Excerpts from a dataset
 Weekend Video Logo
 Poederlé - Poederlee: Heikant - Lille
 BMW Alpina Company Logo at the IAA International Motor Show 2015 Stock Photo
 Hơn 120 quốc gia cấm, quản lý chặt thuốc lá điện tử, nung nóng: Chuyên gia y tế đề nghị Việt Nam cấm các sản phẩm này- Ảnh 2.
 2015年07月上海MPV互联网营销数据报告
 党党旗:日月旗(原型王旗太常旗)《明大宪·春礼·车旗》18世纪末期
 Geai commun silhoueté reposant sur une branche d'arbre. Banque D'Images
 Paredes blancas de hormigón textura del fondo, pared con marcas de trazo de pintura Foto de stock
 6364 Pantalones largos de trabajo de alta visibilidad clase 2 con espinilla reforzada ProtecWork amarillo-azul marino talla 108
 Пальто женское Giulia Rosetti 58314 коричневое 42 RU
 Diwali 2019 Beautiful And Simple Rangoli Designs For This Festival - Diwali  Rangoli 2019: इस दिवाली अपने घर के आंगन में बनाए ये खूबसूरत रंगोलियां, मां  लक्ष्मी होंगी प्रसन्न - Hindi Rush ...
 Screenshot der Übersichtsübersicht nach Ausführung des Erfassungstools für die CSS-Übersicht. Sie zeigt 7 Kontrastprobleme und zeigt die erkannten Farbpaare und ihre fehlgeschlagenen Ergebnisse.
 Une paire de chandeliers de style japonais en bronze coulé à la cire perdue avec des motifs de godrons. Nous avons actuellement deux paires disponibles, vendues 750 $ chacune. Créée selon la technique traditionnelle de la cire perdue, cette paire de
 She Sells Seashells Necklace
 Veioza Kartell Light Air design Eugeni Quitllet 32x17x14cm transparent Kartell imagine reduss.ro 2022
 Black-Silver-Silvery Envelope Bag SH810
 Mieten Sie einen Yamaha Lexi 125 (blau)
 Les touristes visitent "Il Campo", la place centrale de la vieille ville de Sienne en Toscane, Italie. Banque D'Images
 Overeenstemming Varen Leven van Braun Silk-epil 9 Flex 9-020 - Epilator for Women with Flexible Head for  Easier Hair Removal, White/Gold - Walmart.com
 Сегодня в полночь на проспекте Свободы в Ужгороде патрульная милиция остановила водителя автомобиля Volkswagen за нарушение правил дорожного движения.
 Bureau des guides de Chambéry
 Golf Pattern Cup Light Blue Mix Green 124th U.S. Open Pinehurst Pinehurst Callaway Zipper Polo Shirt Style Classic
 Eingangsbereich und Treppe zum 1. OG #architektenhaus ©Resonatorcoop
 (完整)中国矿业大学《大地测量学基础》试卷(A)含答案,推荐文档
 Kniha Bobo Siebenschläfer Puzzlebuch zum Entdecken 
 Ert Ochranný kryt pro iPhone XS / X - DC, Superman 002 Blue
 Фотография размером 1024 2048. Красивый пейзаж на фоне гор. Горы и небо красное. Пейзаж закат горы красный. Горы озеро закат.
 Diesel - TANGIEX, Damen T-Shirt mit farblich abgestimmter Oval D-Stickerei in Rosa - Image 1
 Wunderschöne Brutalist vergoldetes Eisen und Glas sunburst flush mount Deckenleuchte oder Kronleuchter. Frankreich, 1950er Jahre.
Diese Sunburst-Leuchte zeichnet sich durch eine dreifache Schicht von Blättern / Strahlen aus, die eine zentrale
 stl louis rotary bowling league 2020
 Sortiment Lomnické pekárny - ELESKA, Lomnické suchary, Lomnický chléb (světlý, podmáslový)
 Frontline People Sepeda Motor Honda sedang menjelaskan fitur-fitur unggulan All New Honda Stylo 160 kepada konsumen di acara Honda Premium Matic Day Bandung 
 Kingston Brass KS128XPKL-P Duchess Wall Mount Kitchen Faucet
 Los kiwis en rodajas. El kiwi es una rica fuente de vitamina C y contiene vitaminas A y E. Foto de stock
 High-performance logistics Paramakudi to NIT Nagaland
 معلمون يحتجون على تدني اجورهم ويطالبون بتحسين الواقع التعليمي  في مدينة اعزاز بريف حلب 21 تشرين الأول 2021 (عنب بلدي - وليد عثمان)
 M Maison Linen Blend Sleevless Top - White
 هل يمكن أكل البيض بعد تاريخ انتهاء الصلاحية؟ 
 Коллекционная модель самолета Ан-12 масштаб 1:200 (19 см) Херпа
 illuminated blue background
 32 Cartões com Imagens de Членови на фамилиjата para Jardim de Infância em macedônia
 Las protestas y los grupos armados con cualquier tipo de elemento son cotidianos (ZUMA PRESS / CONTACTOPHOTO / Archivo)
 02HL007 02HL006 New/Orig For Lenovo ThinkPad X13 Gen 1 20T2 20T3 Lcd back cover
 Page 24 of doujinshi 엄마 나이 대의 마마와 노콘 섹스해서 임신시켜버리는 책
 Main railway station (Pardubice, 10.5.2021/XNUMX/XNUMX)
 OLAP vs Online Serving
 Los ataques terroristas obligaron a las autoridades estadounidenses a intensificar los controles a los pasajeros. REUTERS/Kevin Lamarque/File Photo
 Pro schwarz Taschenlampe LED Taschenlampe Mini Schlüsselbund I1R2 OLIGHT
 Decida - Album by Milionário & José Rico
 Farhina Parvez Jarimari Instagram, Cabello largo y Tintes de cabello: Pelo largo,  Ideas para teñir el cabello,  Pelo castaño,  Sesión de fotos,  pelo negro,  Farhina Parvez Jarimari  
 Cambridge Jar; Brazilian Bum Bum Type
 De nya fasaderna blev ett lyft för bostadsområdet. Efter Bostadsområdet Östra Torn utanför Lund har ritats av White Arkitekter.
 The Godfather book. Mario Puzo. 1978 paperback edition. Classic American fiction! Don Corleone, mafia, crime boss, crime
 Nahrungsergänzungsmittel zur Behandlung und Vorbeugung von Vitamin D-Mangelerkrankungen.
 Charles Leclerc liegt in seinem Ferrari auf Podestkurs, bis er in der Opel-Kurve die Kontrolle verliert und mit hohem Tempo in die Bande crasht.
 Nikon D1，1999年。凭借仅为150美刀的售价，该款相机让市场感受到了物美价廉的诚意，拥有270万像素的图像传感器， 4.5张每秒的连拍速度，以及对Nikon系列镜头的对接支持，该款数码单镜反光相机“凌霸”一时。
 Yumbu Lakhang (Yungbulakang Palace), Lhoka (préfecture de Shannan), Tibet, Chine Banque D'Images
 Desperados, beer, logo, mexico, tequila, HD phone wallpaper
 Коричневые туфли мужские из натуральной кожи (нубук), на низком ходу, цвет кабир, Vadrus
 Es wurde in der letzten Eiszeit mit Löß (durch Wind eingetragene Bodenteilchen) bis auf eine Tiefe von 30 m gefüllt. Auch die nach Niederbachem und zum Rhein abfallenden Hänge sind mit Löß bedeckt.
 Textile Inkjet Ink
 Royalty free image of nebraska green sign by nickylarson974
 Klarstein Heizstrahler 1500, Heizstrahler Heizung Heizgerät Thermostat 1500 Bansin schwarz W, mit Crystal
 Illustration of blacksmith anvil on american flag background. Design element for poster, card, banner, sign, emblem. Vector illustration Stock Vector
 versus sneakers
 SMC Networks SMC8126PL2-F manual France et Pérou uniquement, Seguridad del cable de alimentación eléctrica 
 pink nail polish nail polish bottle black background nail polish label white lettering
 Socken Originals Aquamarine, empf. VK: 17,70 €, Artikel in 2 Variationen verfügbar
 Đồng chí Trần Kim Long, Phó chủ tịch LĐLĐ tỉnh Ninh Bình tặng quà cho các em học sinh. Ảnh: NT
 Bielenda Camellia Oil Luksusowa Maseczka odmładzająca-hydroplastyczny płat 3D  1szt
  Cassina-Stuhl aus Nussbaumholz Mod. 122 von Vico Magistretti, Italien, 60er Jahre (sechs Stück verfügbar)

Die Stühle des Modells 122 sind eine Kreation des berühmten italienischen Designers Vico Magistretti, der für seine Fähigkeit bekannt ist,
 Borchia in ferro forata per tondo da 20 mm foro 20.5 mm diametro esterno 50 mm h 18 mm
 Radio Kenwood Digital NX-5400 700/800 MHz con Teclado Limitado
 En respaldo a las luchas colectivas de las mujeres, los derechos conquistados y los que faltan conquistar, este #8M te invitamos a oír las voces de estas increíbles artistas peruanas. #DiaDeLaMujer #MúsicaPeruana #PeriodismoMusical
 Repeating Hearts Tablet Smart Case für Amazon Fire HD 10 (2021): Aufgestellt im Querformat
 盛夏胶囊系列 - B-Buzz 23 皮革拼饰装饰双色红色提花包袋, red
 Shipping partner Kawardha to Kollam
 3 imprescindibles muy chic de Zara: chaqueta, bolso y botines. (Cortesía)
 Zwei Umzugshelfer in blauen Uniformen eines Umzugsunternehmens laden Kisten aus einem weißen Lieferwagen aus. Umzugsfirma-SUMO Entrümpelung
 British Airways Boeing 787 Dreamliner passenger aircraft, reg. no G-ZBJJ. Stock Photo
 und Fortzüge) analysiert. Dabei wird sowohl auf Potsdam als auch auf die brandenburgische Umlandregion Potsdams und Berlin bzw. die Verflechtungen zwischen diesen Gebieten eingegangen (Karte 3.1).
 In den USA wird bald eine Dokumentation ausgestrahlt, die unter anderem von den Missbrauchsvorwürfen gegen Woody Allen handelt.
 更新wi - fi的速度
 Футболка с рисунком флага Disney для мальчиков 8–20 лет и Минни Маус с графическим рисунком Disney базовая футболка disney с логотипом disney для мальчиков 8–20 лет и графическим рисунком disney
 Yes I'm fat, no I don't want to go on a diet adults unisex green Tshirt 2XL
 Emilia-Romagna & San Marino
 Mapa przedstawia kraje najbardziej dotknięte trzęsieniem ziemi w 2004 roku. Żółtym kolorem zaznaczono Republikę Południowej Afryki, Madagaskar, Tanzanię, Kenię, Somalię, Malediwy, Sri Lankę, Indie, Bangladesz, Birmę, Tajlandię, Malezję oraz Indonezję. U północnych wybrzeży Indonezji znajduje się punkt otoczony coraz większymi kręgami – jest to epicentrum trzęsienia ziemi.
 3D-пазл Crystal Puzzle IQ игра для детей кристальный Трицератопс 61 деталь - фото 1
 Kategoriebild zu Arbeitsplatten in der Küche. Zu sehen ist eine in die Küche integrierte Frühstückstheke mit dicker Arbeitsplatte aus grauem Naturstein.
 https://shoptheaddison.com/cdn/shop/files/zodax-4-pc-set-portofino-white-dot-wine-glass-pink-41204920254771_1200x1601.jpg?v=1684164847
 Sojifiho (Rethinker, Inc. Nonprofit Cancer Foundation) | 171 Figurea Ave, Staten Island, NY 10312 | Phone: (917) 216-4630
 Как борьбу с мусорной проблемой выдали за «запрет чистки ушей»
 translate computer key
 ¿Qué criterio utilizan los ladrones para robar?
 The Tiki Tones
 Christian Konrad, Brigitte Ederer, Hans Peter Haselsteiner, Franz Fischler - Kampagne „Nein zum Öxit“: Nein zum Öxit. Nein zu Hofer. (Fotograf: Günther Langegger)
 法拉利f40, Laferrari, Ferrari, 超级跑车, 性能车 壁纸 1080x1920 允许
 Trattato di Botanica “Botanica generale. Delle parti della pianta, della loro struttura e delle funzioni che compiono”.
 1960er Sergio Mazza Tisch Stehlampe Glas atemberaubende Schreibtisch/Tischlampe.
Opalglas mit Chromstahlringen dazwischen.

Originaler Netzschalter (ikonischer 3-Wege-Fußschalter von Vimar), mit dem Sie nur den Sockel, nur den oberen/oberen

Task description =
Begin with the line above that has "Screenshot der Übersichtsübersicht" and continue through the line that has "(完整)中国矿业大学《大地测量学基础》试卷(A)含答案,推荐文档", setting each one down exactly. Stop there.

Problem solution =
 Screenshot der Übersichtsübersicht nach Ausführung des Erfassungstools für die CSS-Übersicht. Sie zeigt 7 Kontrastprobleme und zeigt die erkannten Farbpaare und ihre fehlgeschlagenen Ergebnisse.
 Une paire de chandeliers de style japonais en bronze coulé à la cire perdue avec des motifs de godrons. Nous avons actuellement deux paires disponibles, vendues 750 $ chacune. Créée selon la technique traditionnelle de la cire perdue, cette paire de
 She Sells Seashells Necklace
 Veioza Kartell Light Air design Eugeni Quitllet 32x17x14cm transparent Kartell imagine reduss.ro 2022
 Black-Silver-Silvery Envelope Bag SH810
 Mieten Sie einen Yamaha Lexi 125 (blau)
 Les touristes visitent "Il Campo", la place centrale de la vieille ville de Sienne en Toscane, Italie. Banque D'Images
 Overeenstemming Varen Leven van Braun Silk-epil 9 Flex 9-020 - Epilator for Women with Flexible Head for  Easier Hair Removal, White/Gold - Walmart.com
 Сегодня в полночь на проспекте Свободы в Ужгороде патрульная милиция остановила водителя автомобиля Volkswagen за нарушение правил дорожного движения.
 Bureau des guides de Chambéry
 Golf Pattern Cup Light Blue Mix Green 124th U.S. Open Pinehurst Pinehurst Callaway Zipper Polo Shirt Style Classic
 Eingangsbereich und Treppe zum 1. OG #architektenhaus ©Resonatorcoop
 (完整)中国矿业大学《大地测量学基础》试卷(A)含答案,推荐文档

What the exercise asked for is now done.